– …осталось недолго…
– …ах… такое время… как он?..
– …очень. Быстро теряет сознание, но затем приходит в себя. Конечно, вечно так продолжаться не может. Я не из тех, кто верит в чудеса, хотя с этой бурей…
В регистратуре зазвонил телефон, и маленькая медсестра поспешила туда, чтобы ответить. Мистер Глоссоп услышал ее приглушенный голос:
– Состояние мистера Брауна очень тяжелое. Да, боюсь, что так… Стремительно ухудшается.
Мистер Глоссоп кинул через двор рассеянный взгляд на первую военную палату. Его внимание привлекло что-то белое на крыльце. Оно шевелилось. Мистер Глоссоп подошел ближе, а затем – поскольку был любопытен и чрезвычайно близорук – еще на несколько шагов. И с глубоким смущением обнаружил, что смотрит прямо в круглые очки сестры Камфот.
– Прошу прощения! – забормотал он. – Я не понял, что это вы… Уже довольно темно, верно?
– Вовсе нет, – сказала сестра Камфот. – Я видела вас совершенно отчетливо. Спокойной ночи!
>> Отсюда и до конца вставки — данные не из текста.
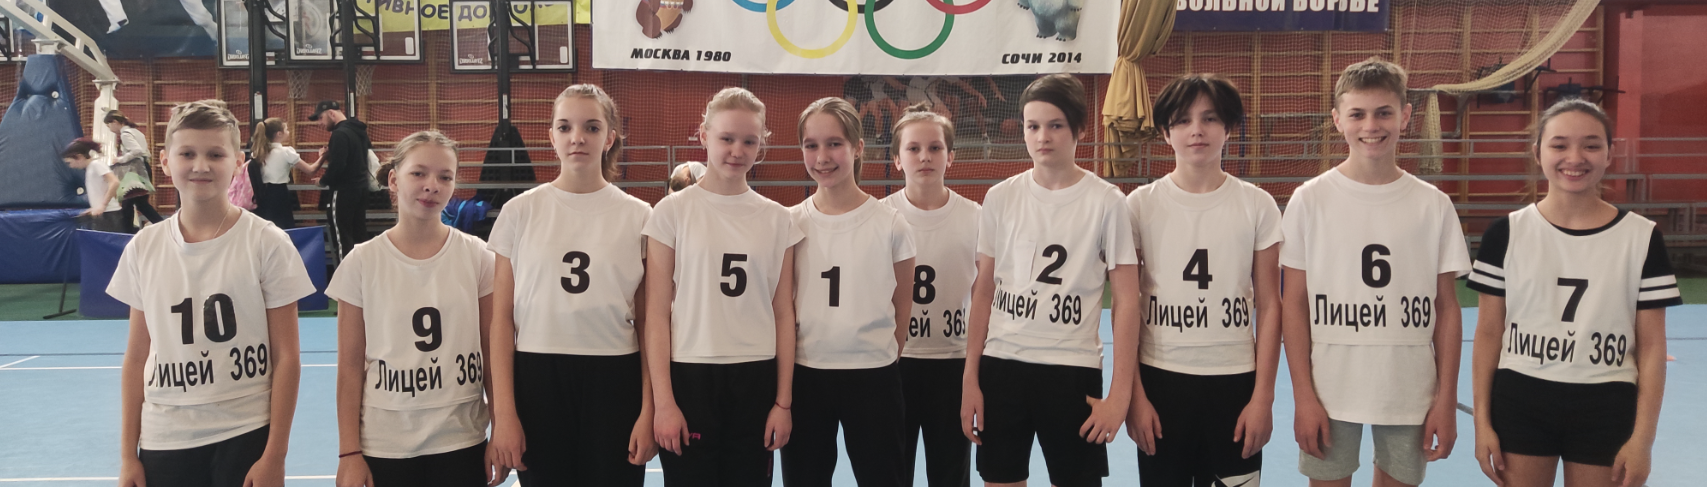 Итоги проведения районного этапа Всероссийских спортивных соревнований школьников «Президентские состязания» 6б
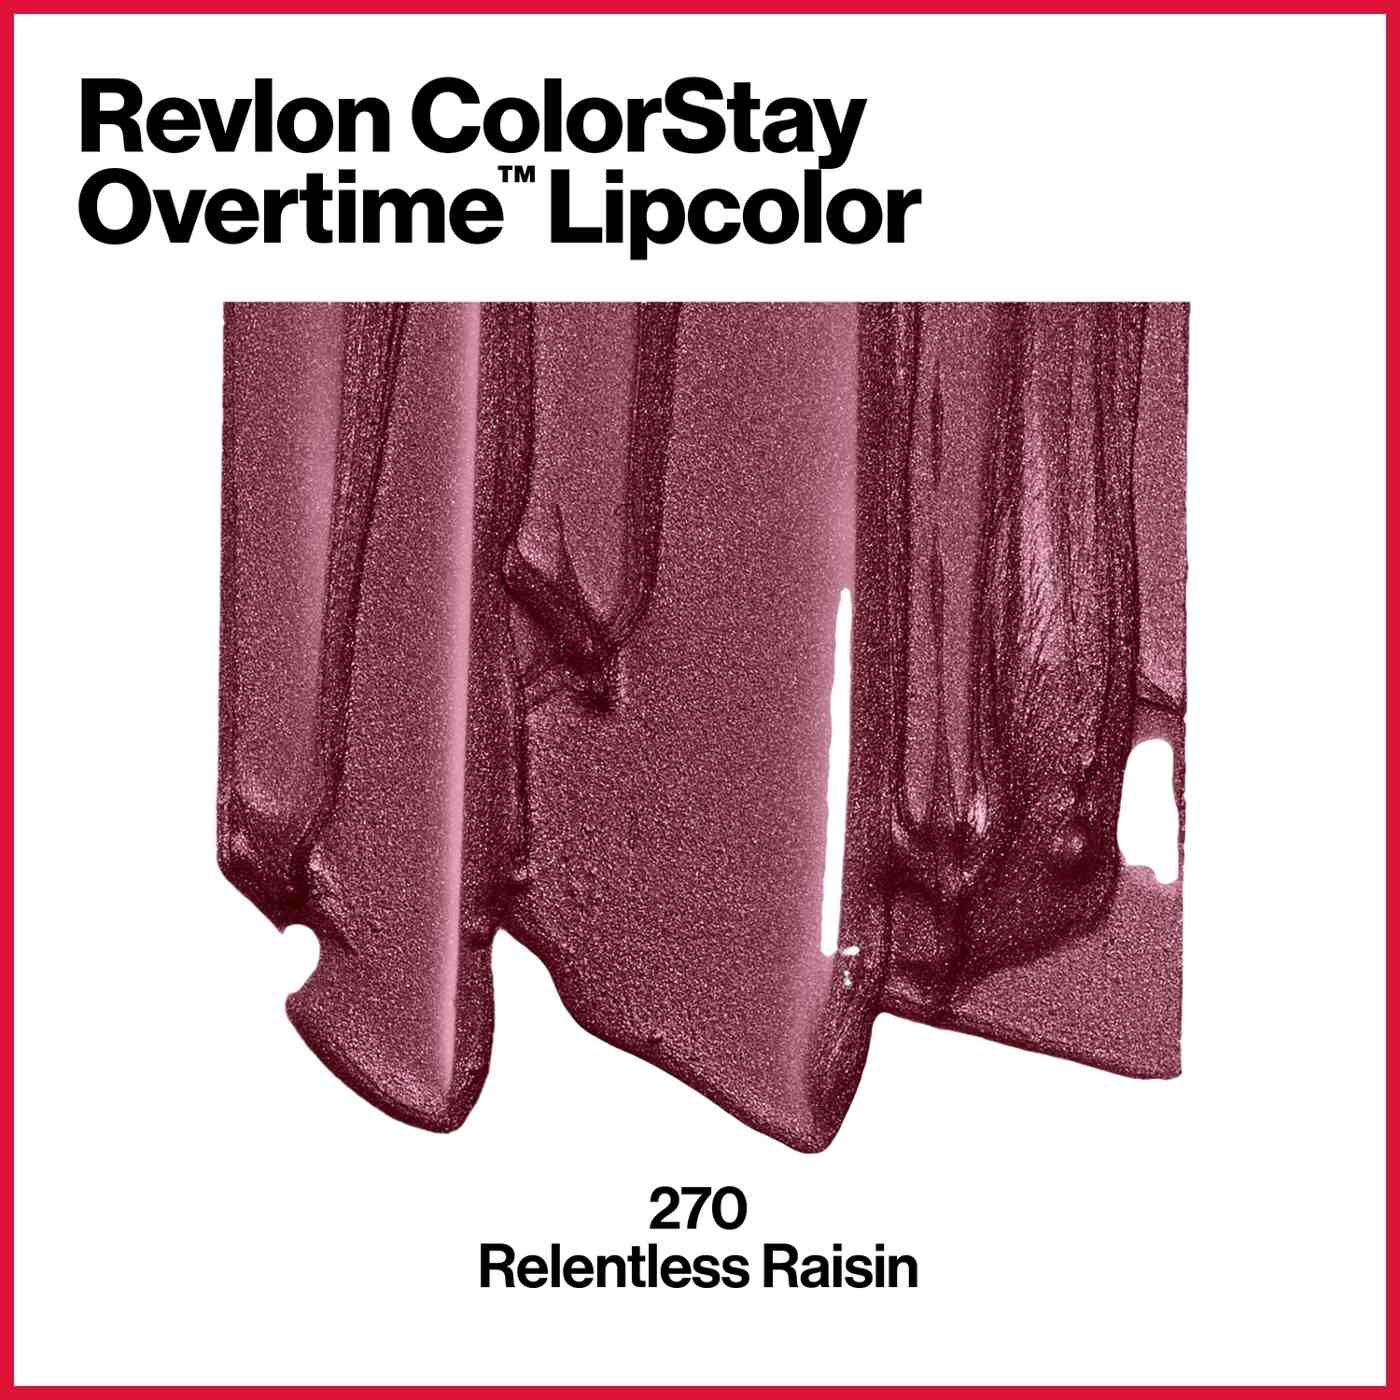 Revlon ColorStay Overtime Lipcolor - 270 Relentless Raisin; image 6 of 8

Спустившись с крыльца, она зашагала по двору – несомненно, чтобы отчитать очередного припозднившегося солдата, а мистер Глоссоп со слоновьим изяществом развернулся в обратную сторону. «И что же, черт возьми, – думал он, – делала тут эта старая корова?»
Пока главная медсестра провожала отца О’Салливана к умирающему, мистер Глоссоп битых двадцать минут беспокойно ерзал в ее кабинете. Сперва он уселся на стул перед столом главной сестры – более низкий, чем ее собственный, идеально подходящий для строгих бесед с потерявшими голову санитарками и солдатами-обольстителями. Мистер Глоссоп еще больше ослабил узел галстука и закатал рукава своей помятой рубашки. «Чертовски душно», – думал он, надеясь, что главная медсестра права и гроза, которая обещала разразиться вот уже несколько дней, наконец-то пройдет над горами сегодня ночью, наполнив воздух свежестью. «Лишь бы без сильного дождя, – добавил он к своим пожеланиям. – Этот чертов мост и без того выглядит ненадежным, а если еще и река поднимется…»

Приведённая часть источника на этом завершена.